UK Residential Furniture Consumers

A blog written by AMA Research

There are currently around 10,000 retail outlets selling furniture, lighting and other home furnishings in the UK, with this figure having fallen in the last few years and some important companies going into liquidation in that time. In many cases, some individual outlets of these casualties were acquired by their competitors, particularly outlets in prime locations, although the trend in recent years has been for specialist e-commerce companies and digital retailers to be increasing their market share, together with traditional retailers upgrading their online capabilities and increasing the proportion of their sales via that channel.

Nevertheless, while online sales of furniture may have reached around 23-25% during 2020, the proportion seems likely to be around 20% in the next few years, with customers preferring to view and try larger items, such as upholstered furniture, beds and kitchen furniture.

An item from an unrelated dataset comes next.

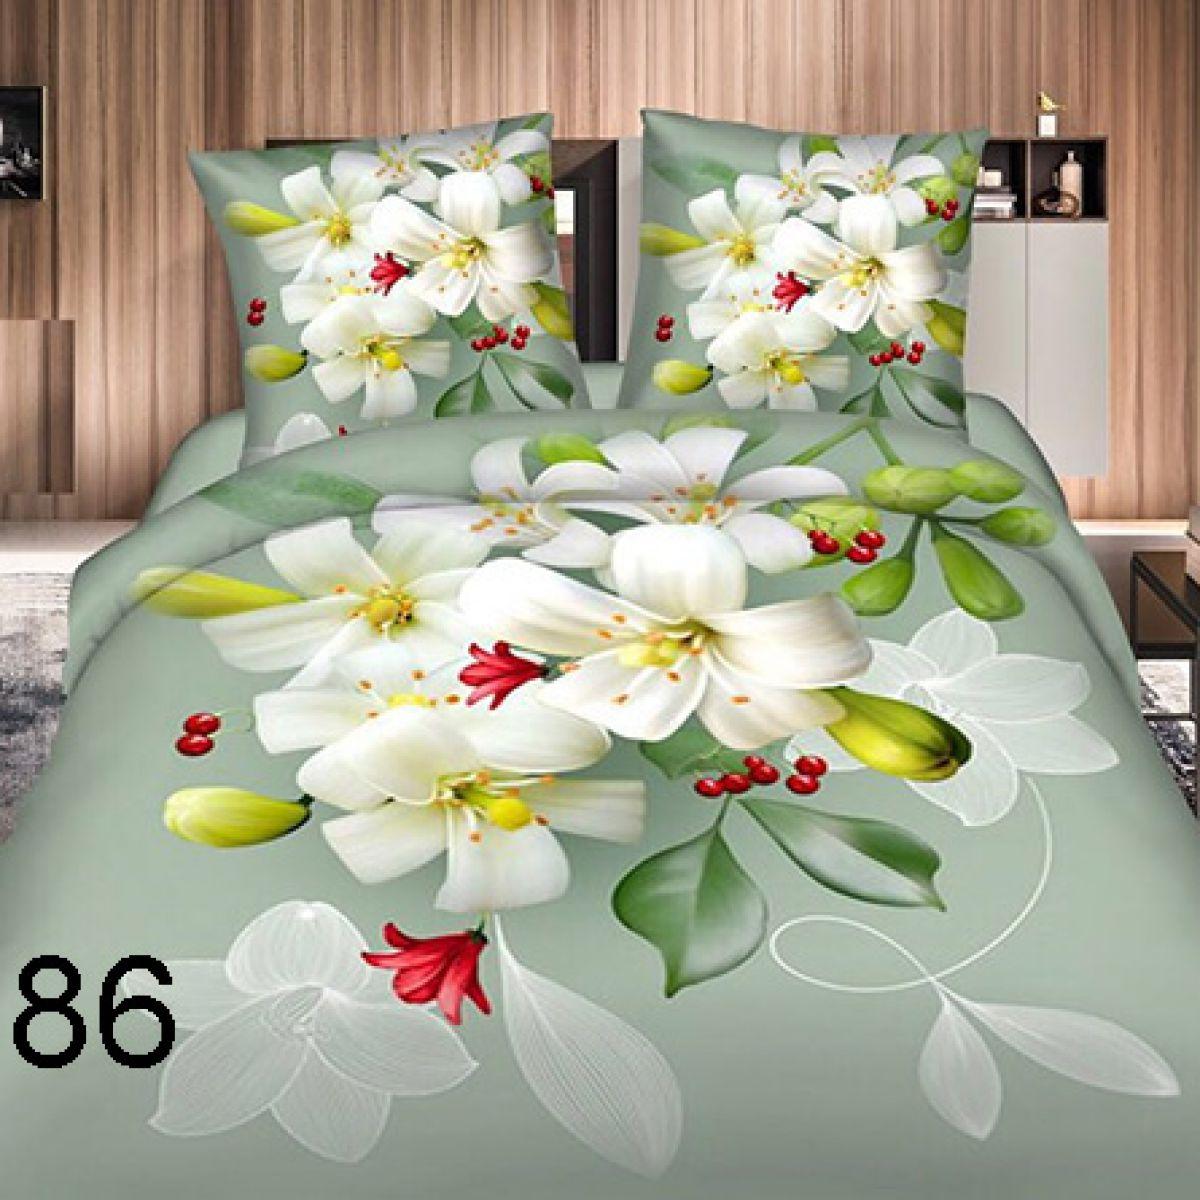 3D Beddings - Antonio - AML-86 - 160x200 cm - 4 pcs

Consumer characteristics influencing the furniture market are:

Younger age categories are generally spending more, with data from the ONS showing that both the under 30s and 30 to 49 year olds are currently the highest spenders on furniture, with most people in this group consisting of family groups, involving one or two working adults.

Although older householders spend less on furniture, research has shown that many now retiring are supporting their children financially to get on the housing ladder and furnish their accommodation.The level of home ownership has declined steadily in recent years, with many young families forced to live in rented properties, due to the high costs involved in buying a home.

Expenditure on home improvements, furniture and furnishings tends to be lower in rented properties, with landlords reluctant to risk higher levels of outgoings as investment returns decline.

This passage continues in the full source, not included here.